September 15, 2016

Study reveals new clues to cystic fibrosis ‘gender gap’

A research team led by structural biologists from Vanderbilt University has come up with the first detailed molecular explanation for a factor that may contribute to the so-called cystic fibrosis (CF) “gender gap.”

A research team led by structural biologists from Vanderbilt University has come up with the first detailed molecular explanation for a factor that may contribute to the so-called cystic fibrosis (CF) “gender gap.”

There is evidence that women with CF die on average two to three years earlier than do men with the devastating lung airway disease. The researchers said their findings, which were published in Science Advances, an offshoot of Science magazine, may lead to improved treatments for CF.

Charles Sanders, Ph.D.
Charles Sanders, Ph.D.

“We think we may be illuminating an important mechanism that contributes to women succumbing earlier to cystic fibrosis,” said Charles Sanders, Ph.D., professor of Biochemistry and Medicine and the Aileen M. Lange and Annie Mary Lyle Professor of Cardiovascular Research at Vanderbilt.

A collaborative team of structural biologists and channel biophysicists that included Sanders and Vanderbilt postdoctoral fellow Brett Kroncke, Ph.D., the paper’s first author, focused on a potassium ion channel called KCNQ1, which in the lung is regulated by a protein called KCNE3.

Cystic fibrosis is caused by mutations in a gene encoding the CF transmembrane conductance regulator (CFTR), an ion channel that normally maintains proper salt balance in the lung. Both males and females can inherit mutations in the CFTR gene, but the female hormone estrogen may make matters worse.

Normally CFTR function is supported by the potassium ion channel KCNQ1, when it is locked in its open position by its regulatory protein, KCNE3. But when estrogen stimulates attachment of a phosphate group to KCNE3, the protein can’t do its job.

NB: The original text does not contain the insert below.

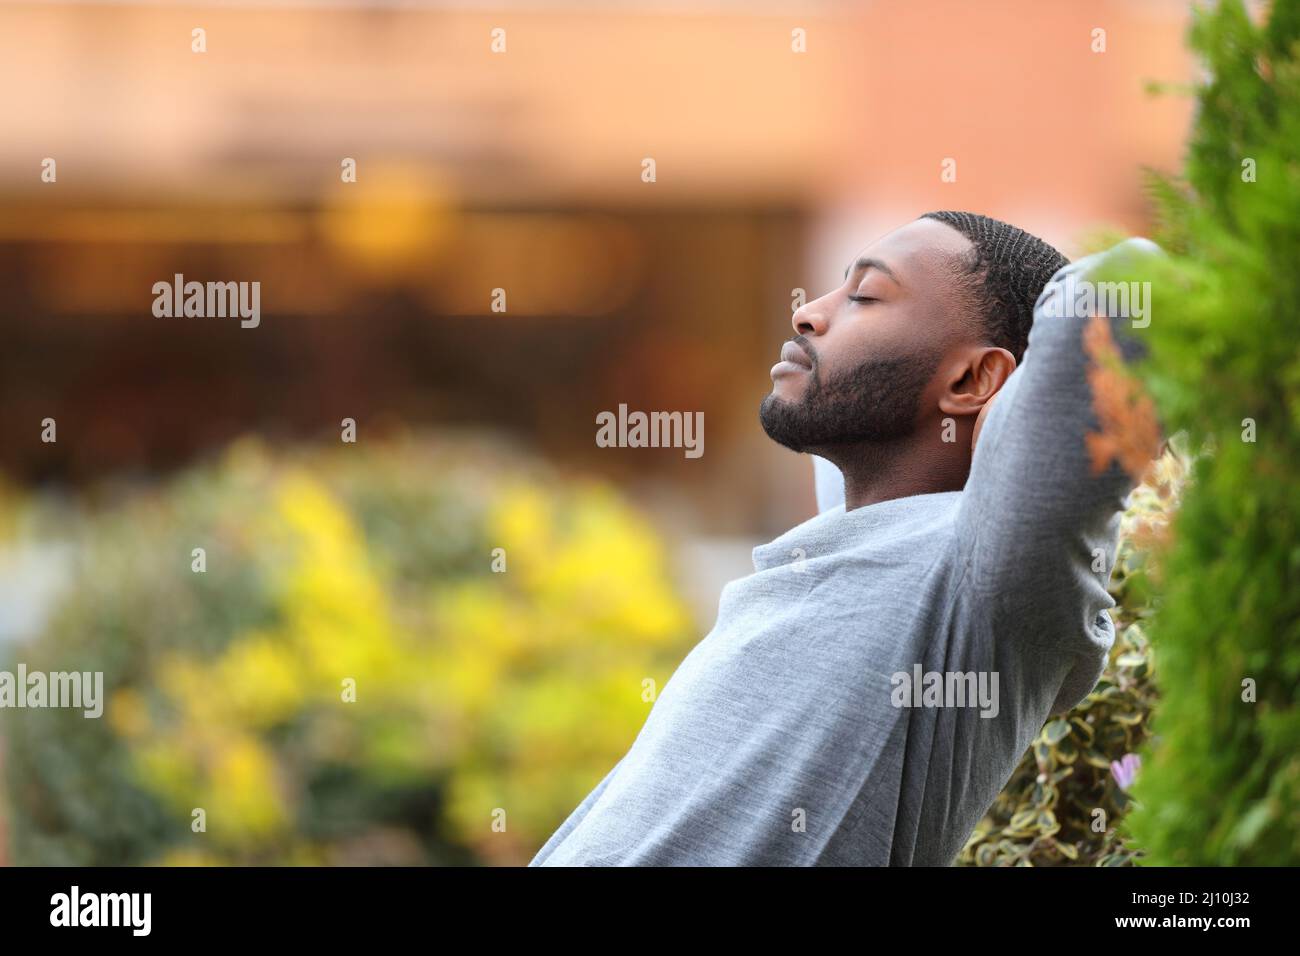 Side vie wportrait of a relaxed man with black skin resting in a park Stock Photo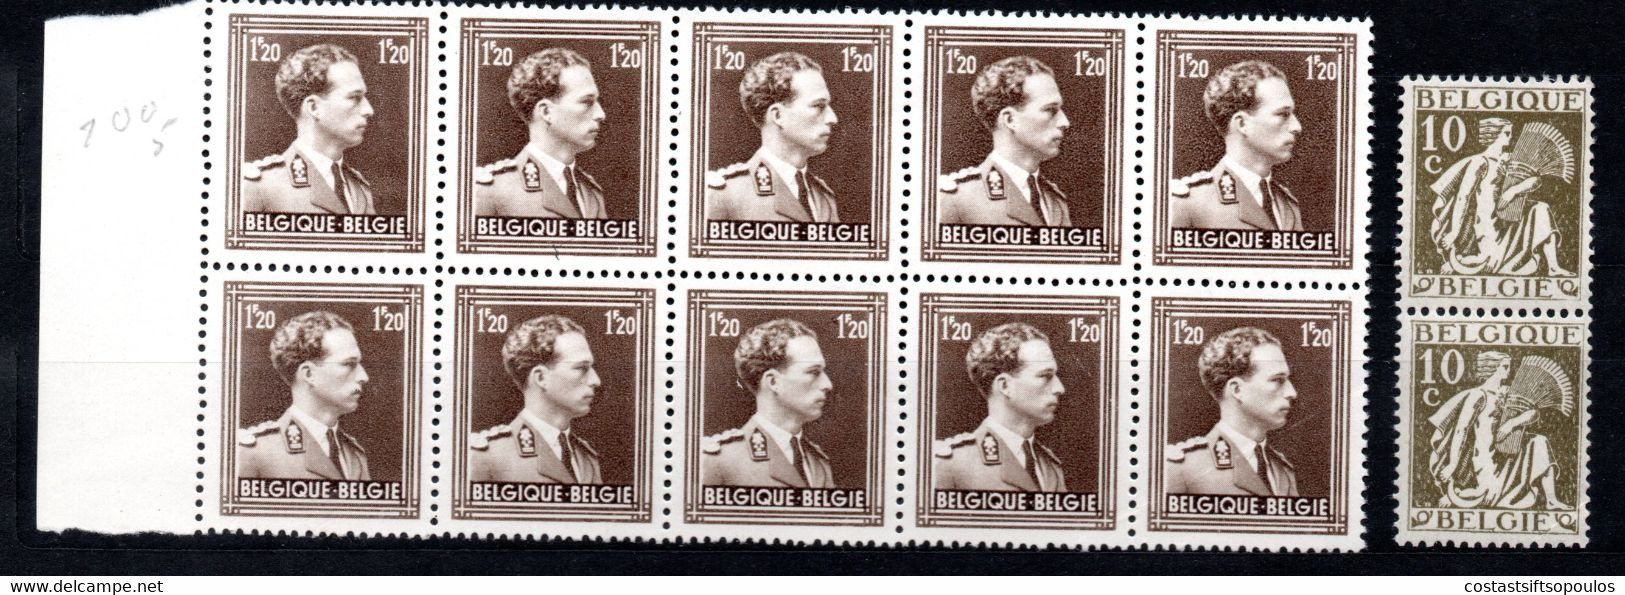 1327. BELGIUM. 1932-1956, GLEANER, MERCURY, KING LEOPOLD III MNH LOT (2 PAGES) 9 SCANS

As a result, when the channel should be open, struggling to help restore an already disrupted salt balance, it doesn’t do that,” Sanders said. “This may make an already unfortunate situation worse in a gender-specific manner.”

The researchers used sophisticated techniques, including nuclear magnetic resonance (NMR) spectroscopy, electrophysiology, and computational modeling, to create the first three-dimensional model for how estrogen, by interfering with the KCNE3/KCNQ1 complex, disrupts channel function.

In the heart, mutations in the regulation of the same potassium ion channel are associated with long QT syndrome, which increases the risk of life-threatening cardiac arrhythmias.

“The model of the channel that we developed can now also be applied to long QT syndrome and other disorders that are associated with this channel,” Sanders said.

Sanders, one of the paper’s three corresponding (senior) authors, said the paper “illustrates the power of the integrative approach to structural biology, which has been whole-heartedly championed by Vanderbilt’s Center for Structural Biology.”

“It relies heavily on experimental work using NMR spectroscopy, biochemistry, electrophysiology and a very heavy dose of computational modeling,” he added. “Without all of these things coming together, this project would not have happened.”

The other corresponding authors were Wade Van Horn, Ph.D., of Arizona State University in Tempe, and Carlos Vanoye, Ph.D., of Northwestern University Feinberg School of Medicine in Chicago.

Other contributors included Jens Meiler, Ph.D., professor of Chemistry and associate professor of Pharmacology and Biomedical Informatics at Vanderbilt, and Alfred George, M.D., chair of Pharmacology at Northwestern and former director of the Division of Genetic Medicine at Vanderbilt.

The research was supported in part by National Institutes of Health RO1 grants DC007416, HL122010 and GM113355.